Give the lines again exactly as they appear below, from the line with "The Ithacan, 2000-04-27" to the line with "A black dog", both included, and only those lines. Leave every picture out.

▶ _Exercise data_
%%

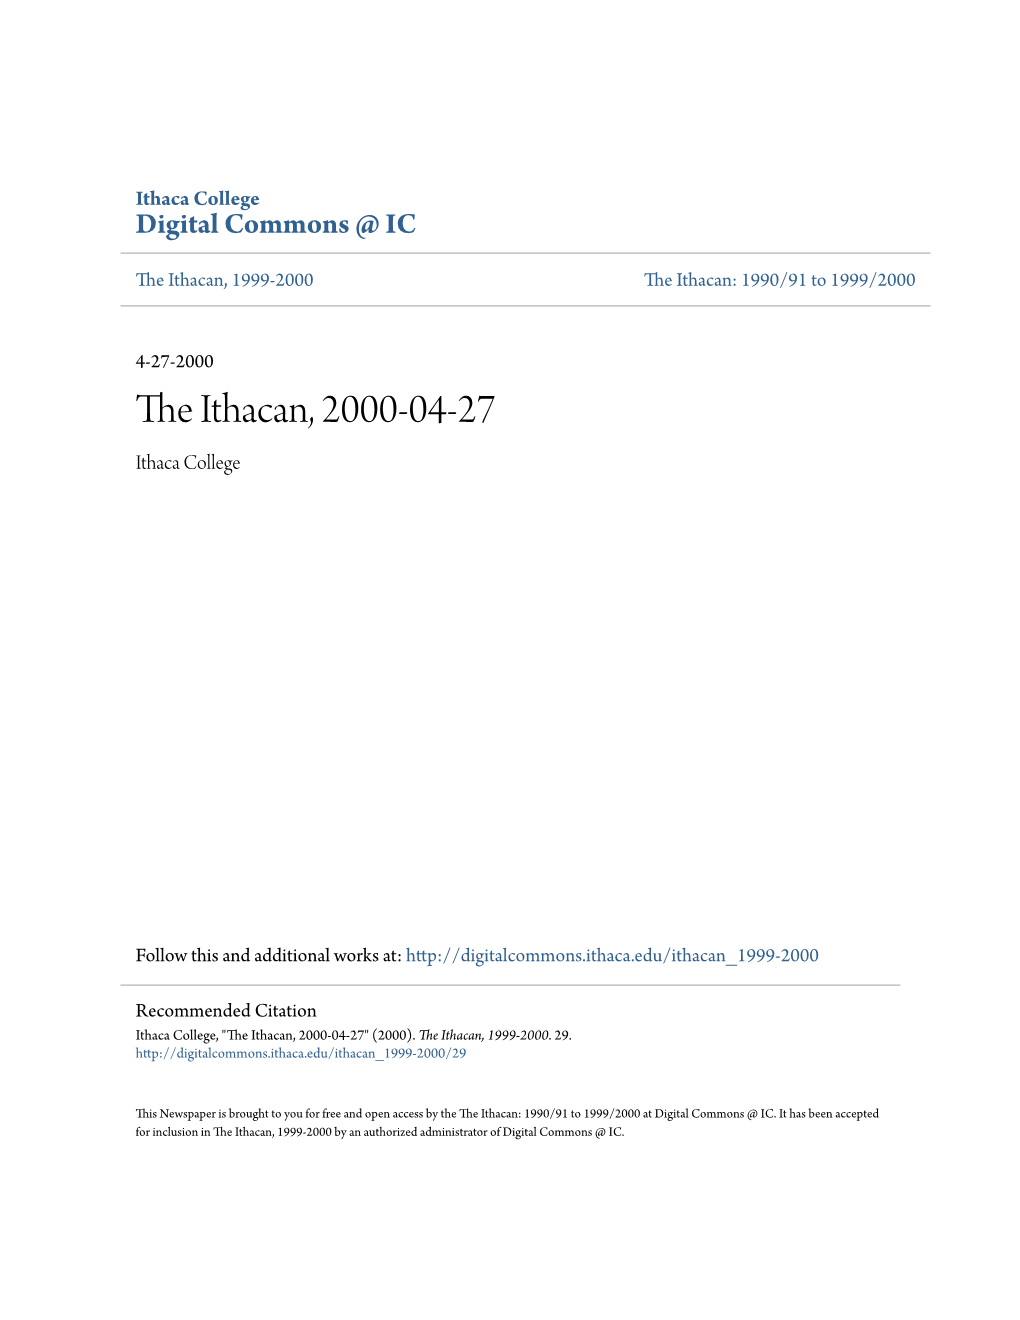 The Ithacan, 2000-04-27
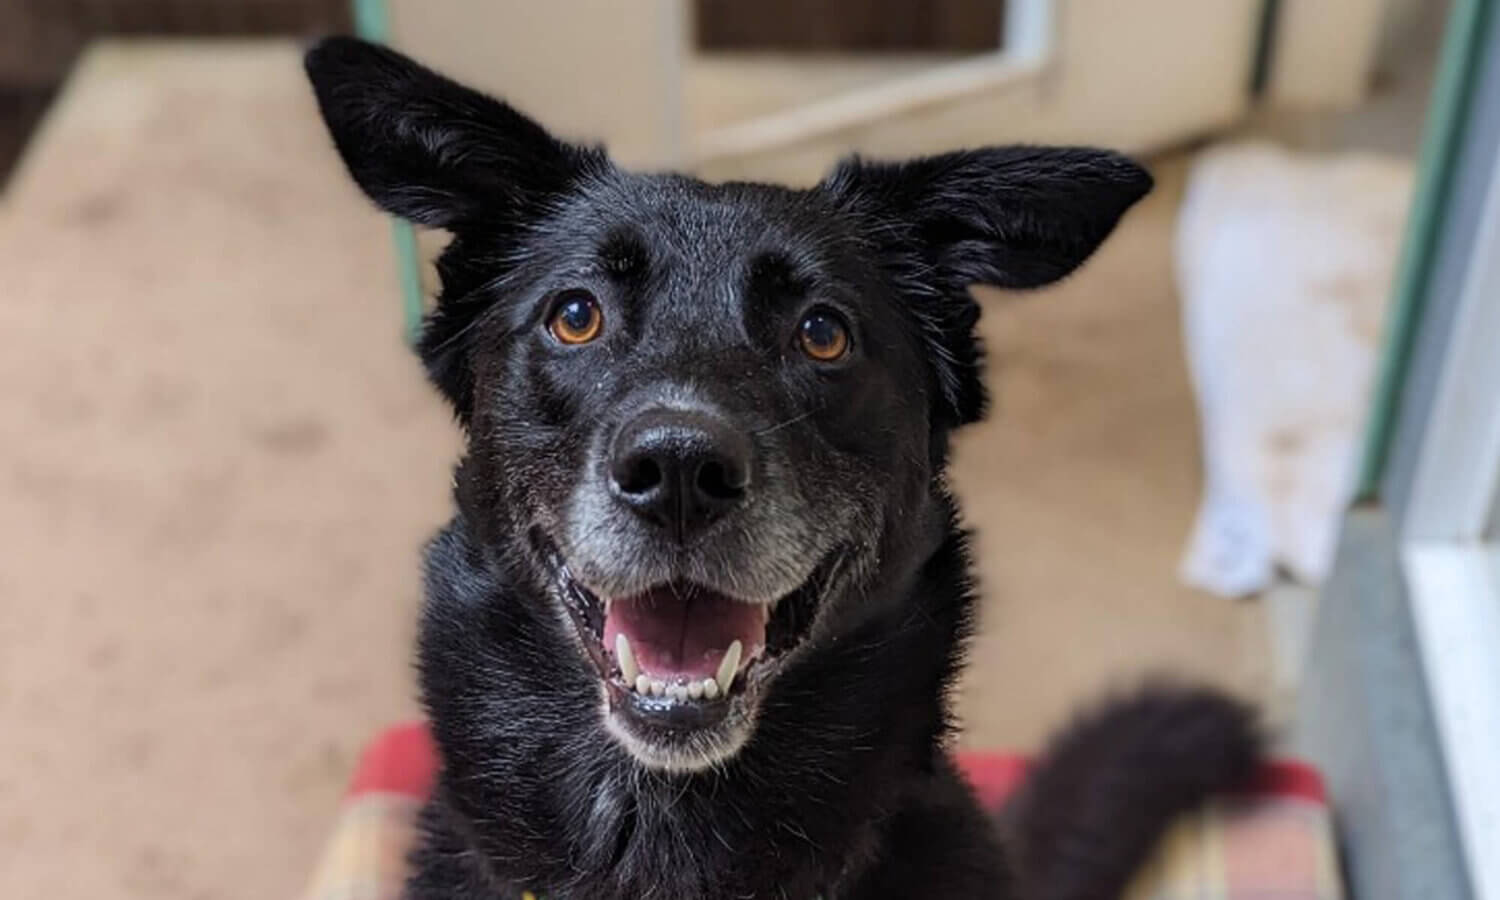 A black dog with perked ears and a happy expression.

%%
%%

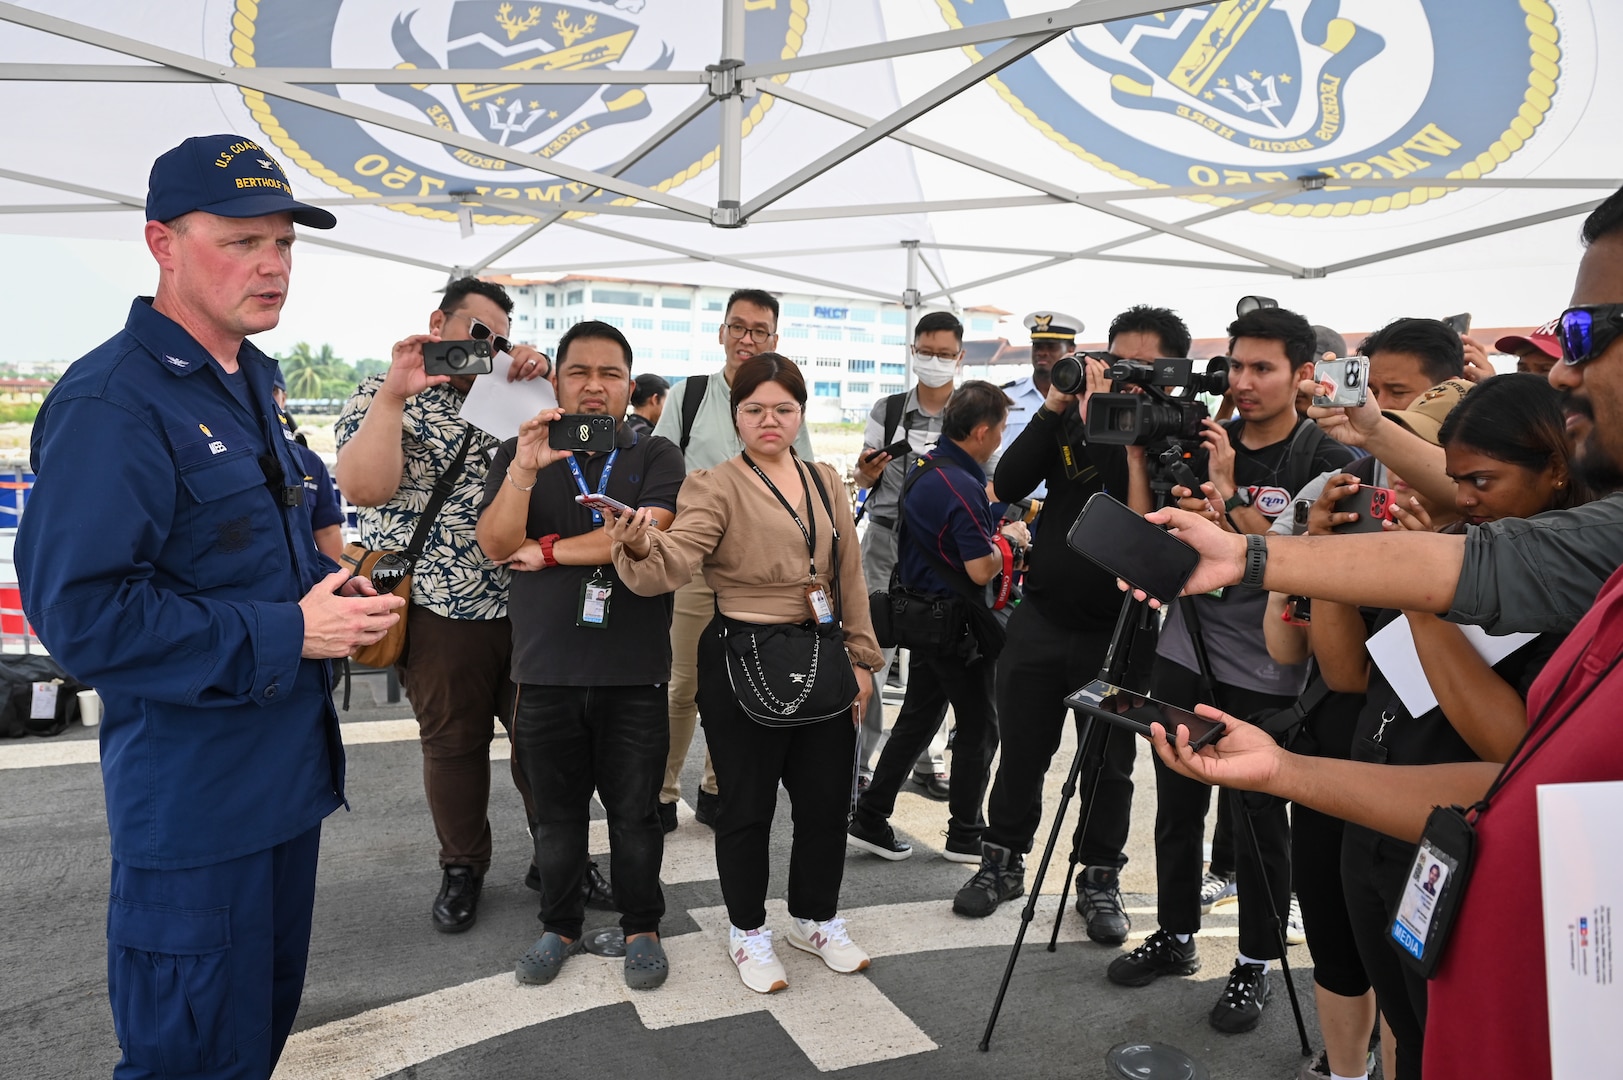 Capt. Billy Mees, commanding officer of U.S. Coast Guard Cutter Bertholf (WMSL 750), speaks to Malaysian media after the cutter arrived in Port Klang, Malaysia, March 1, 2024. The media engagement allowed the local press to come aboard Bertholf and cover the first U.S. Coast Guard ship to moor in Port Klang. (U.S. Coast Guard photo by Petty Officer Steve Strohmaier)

%%

▶ _Response_
 The Ithacan, 2000-04-27
 A black dog with perked ears and a happy expression.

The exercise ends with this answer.